Mitrovic recalled the time a professor threw him out of an oral exam after asking just one question: “What is cholesterol?” Igor had studied so hard he was sure he would ace the exam.
But he hadn’t done the one thing necessary to answer the question: attend that professor’s lectures. Flashing a slide of the chemical composition of cholesterol labeled, “The Murder Weapon,” Mitrovic recalled how his more studious friend, Marta, told him the professor had repeatedly told the class, “Cholesterol is an alcohol.”
Marta, it turned out, provided Igor with endless opportunities for learning. They roamed the streets of Zagreb for hours, talking about everything under the sun and satisfying each other’s deep curiosity about literature, psychology, philosophy and more. Not long after, the two married.
Students gather for a group hug with Mitrovic after the Last Lecture.
They emigrated and had a son, named Dmitri. There were career struggles and a deep quandary over what he was really meant to do with his talents.
And, finally, the dawning realization that he should do what he really loved, which was teach. He worried about disappointing his mentor, Allan Basbaum, PhD, who had invested in him. Until finally, he realized, it wasn’t the mentor’s job to dictate a trainee’s future.
“Great mentors listen,” Mitrovic said. “They try to understand. They challenge you. But they support.”
Now, in addition to his role as director of physiology training across all the four schools, Mitrovic does a lot of mentoring himself, helping graduate students and postdoctoral fellows learn how to mentor others.
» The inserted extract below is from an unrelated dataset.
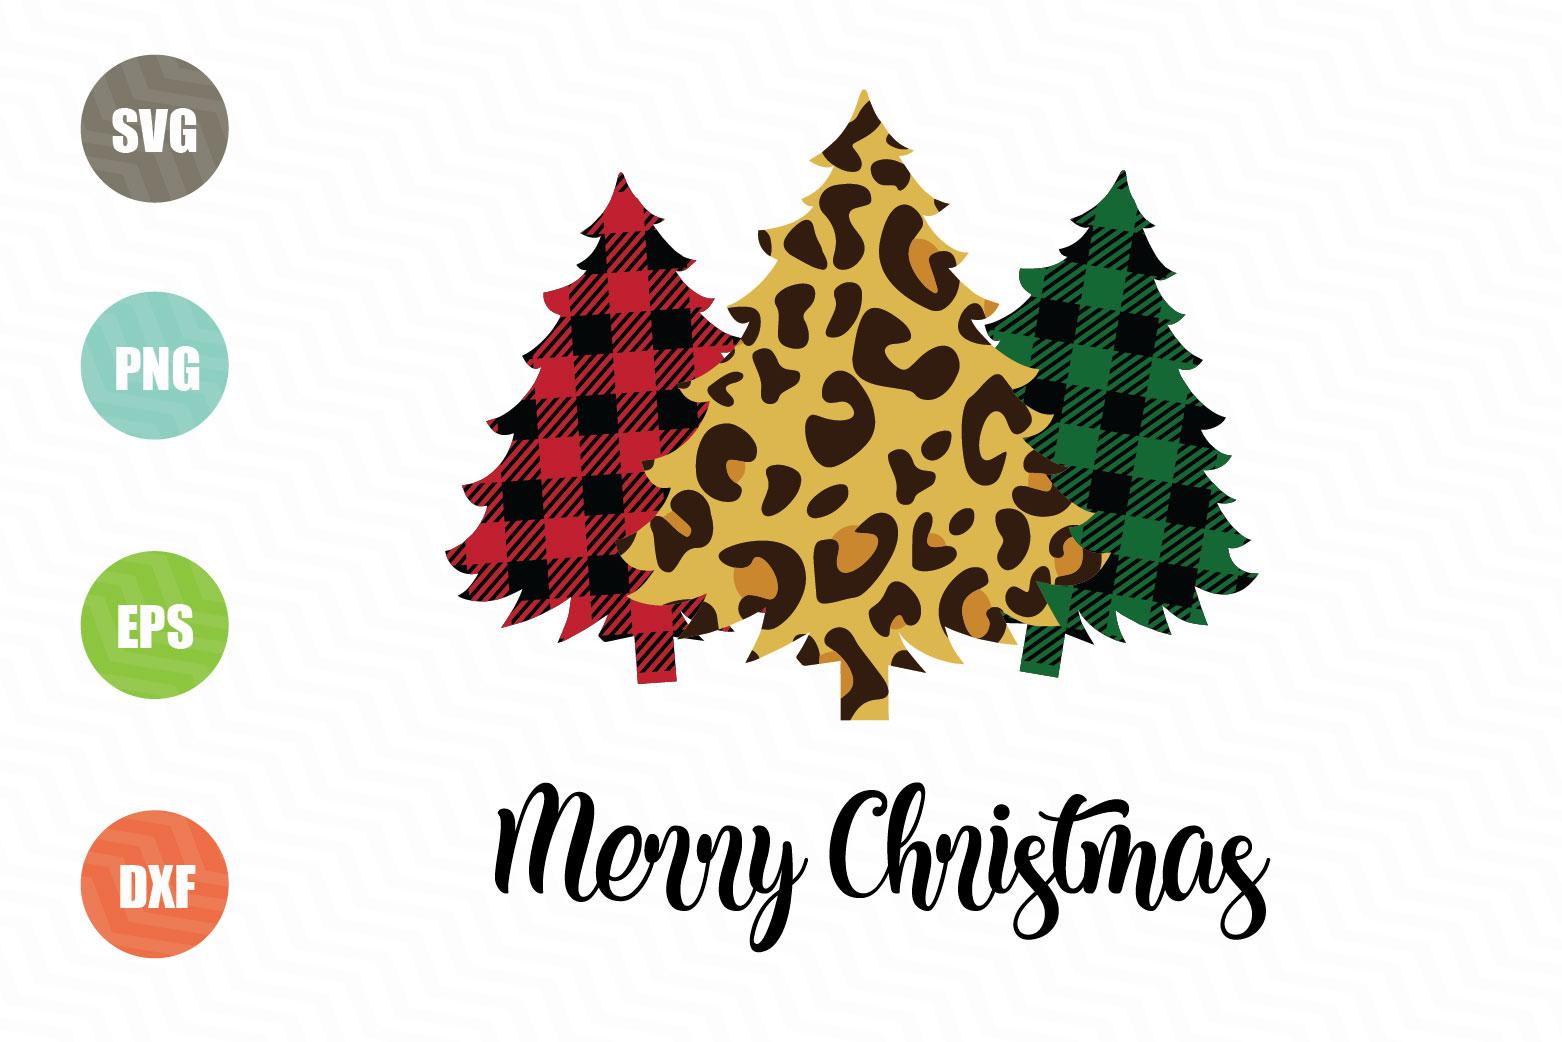 Merry Christmas SVG, Christmas Tree SVG example image 1

But finding his way in the world didn’t necessarily help him when he got sick. Four weeks of the blood thinner heparin had more or less taken care of the portal vein thrombosis, but afterward he was debilitated with depression and panic attacks.
“Even though I knew my purpose, I was afraid of dying.”
Slowly, it dawned on him: Everything dies, not just people but all living things, “even stars, galaxies, perhaps even the universe.”
Maybe, he thought, his own existence wasn’t so central after all. From a certain vantage point, it even seemed random. “Heck, there was one particular sperm out of god knows how many,” he said as everyone burst into laughter. “Here I am.”
And since he was here, he figured he should try to live his life as well as he could. “I had to surrender and trust and remember that whatever comes, I am the only one who is living.”
Now, he had a sense of purpose that included the possibility of his own demise.
“I realized that I am a part of something much greater. Every atom in my body was forged in a star. Imagine how wonderful it is to realize this.”
When he was finished, everyone rose to their feet with applause and cheers. A clutch of students enveloped him in a group hug and gave him flowers.
After the lecture, the congratulatory emails flooded in. One came from a student who wrote, “There is no weakness in supposed ‘failure’ or ‘imperfection.’ In fact, you have demonstrated how we can draw strength from it all.”